When I was seven, something unfortunate happened to me. While asleep one night, I had a seizure. All of a sudden I could feel my heart racing rapidly with my body shaking. When I opened my eyes, I could see only half the room with blurred imaginary images. I got scared and started shouting, “Mommy! Mommy! Mommy!” All I could remember is lying on my dad’s lap in the hospital the following morning. My dad and mom told me later that my sister was the one who noticed I was half dead the following morning and informed them to call an ambulance. If it were not for her, I would not be alive today. After the incident, I managed to go back to my normal routine, and have never experienced another seizure episode.
My condition has made many people despise me. When I would go to school, many students, especially those in preschool, would laugh at me; I guess they never knew how to react to my disability. Some of my classmates teased me of being “abnormal” while some literary avoided associating with me. I would fear walking out of my house to avoid any confrontation with those who publicly whispered or laughed at me. I lost my self-worth and became isolated from others since I developed the perception that I was not worthy of living. At school, I hid myself during lunch breaks where no one could tease or laugh at me. But within me, I still had hope that one day I will be accepted by the cruel world.
When I was 16, I was given the opportunity to talk about my experience as a special need student at the upper school town hall. For the first time, I felt confident to share my story. I narrated to them how my disability came to be and the challenges I have dealt with. The most important thing I addressed was my value for life and my abilities just like other normal students. Immediately I completed narrating my story, people applauded me for being brave. My classmates who always ignored me came up to apologize for being cruel.

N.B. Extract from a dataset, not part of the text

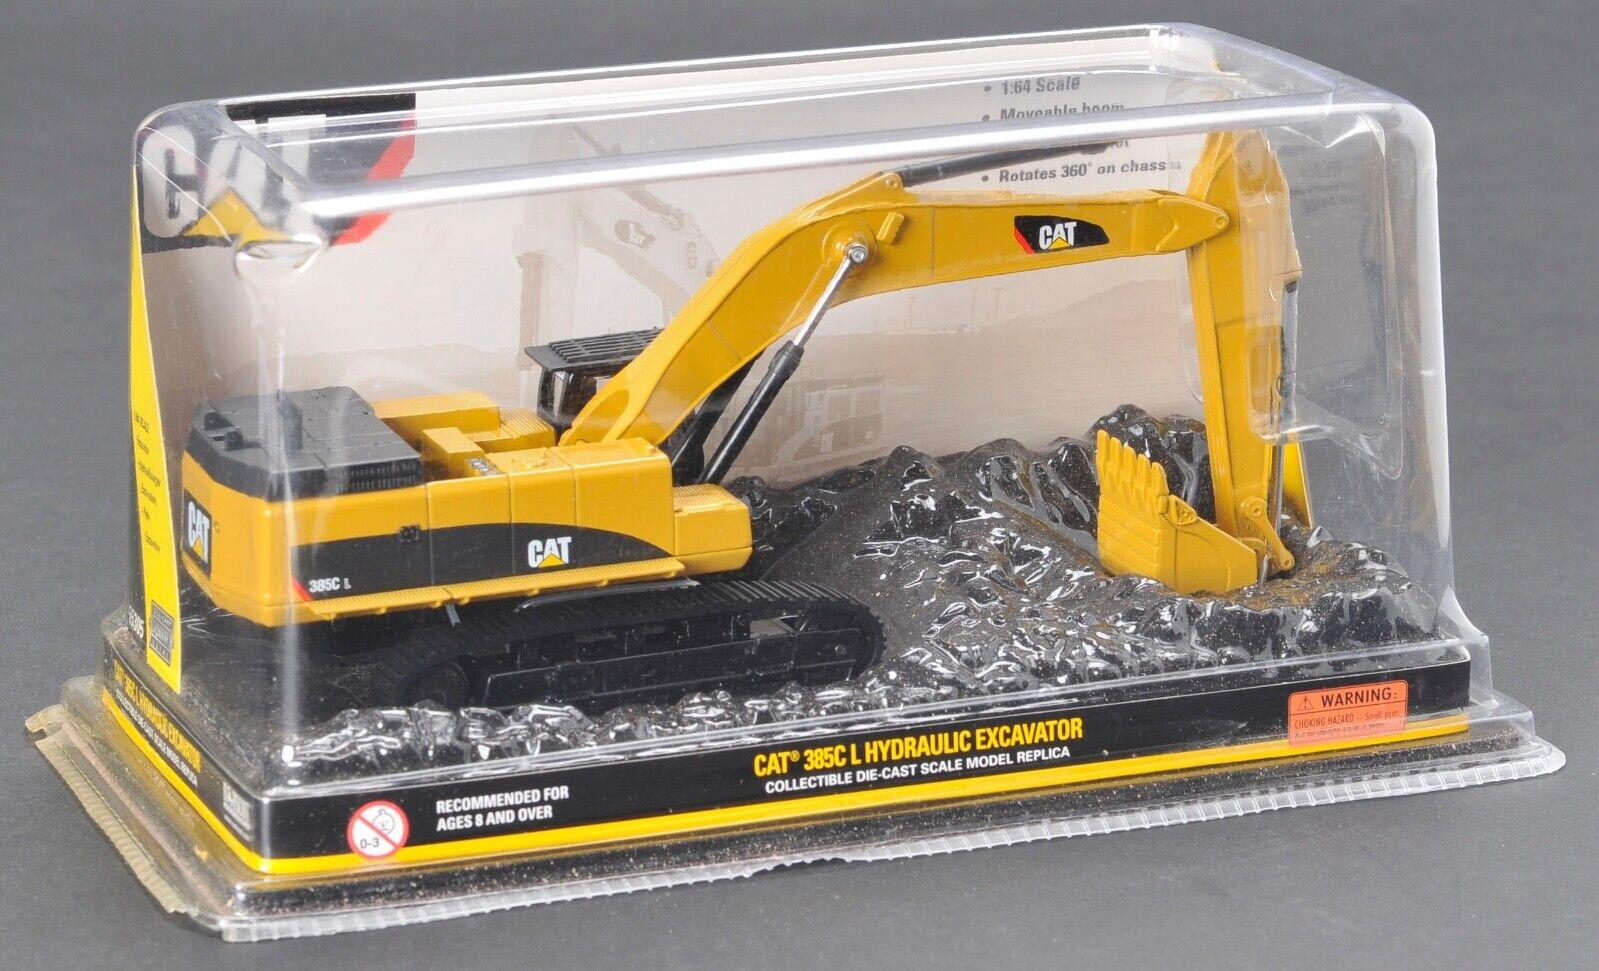 Norscot CAT 385C L Hydraulic Excavator Die Cast 1 64 Scale New 2007

I never felt that safe all my life; I knew then that my hemiplegia was not such a big problem. I had since then taken part in two studies, stem cells reinfusion at Duke University and biofeedback study at USC, with the aim of finding cure to individuals having disabilities like me.
I have realized that the only person I need to change is myself. I need to acknowledge the fact that not everyone can accept me the way I am, and that I would have to appreciate myself before others recognize that. I also need to recognize that “disability is not inability” since I am able to help my family with house chores and engage in social activities with my friends. Changing my view of life will help me ignore the criticisms I have witnessed through my lifetime. I believe that by loving myself, others would learn to appreciate me and judge me based on my abilities instead of my appearance.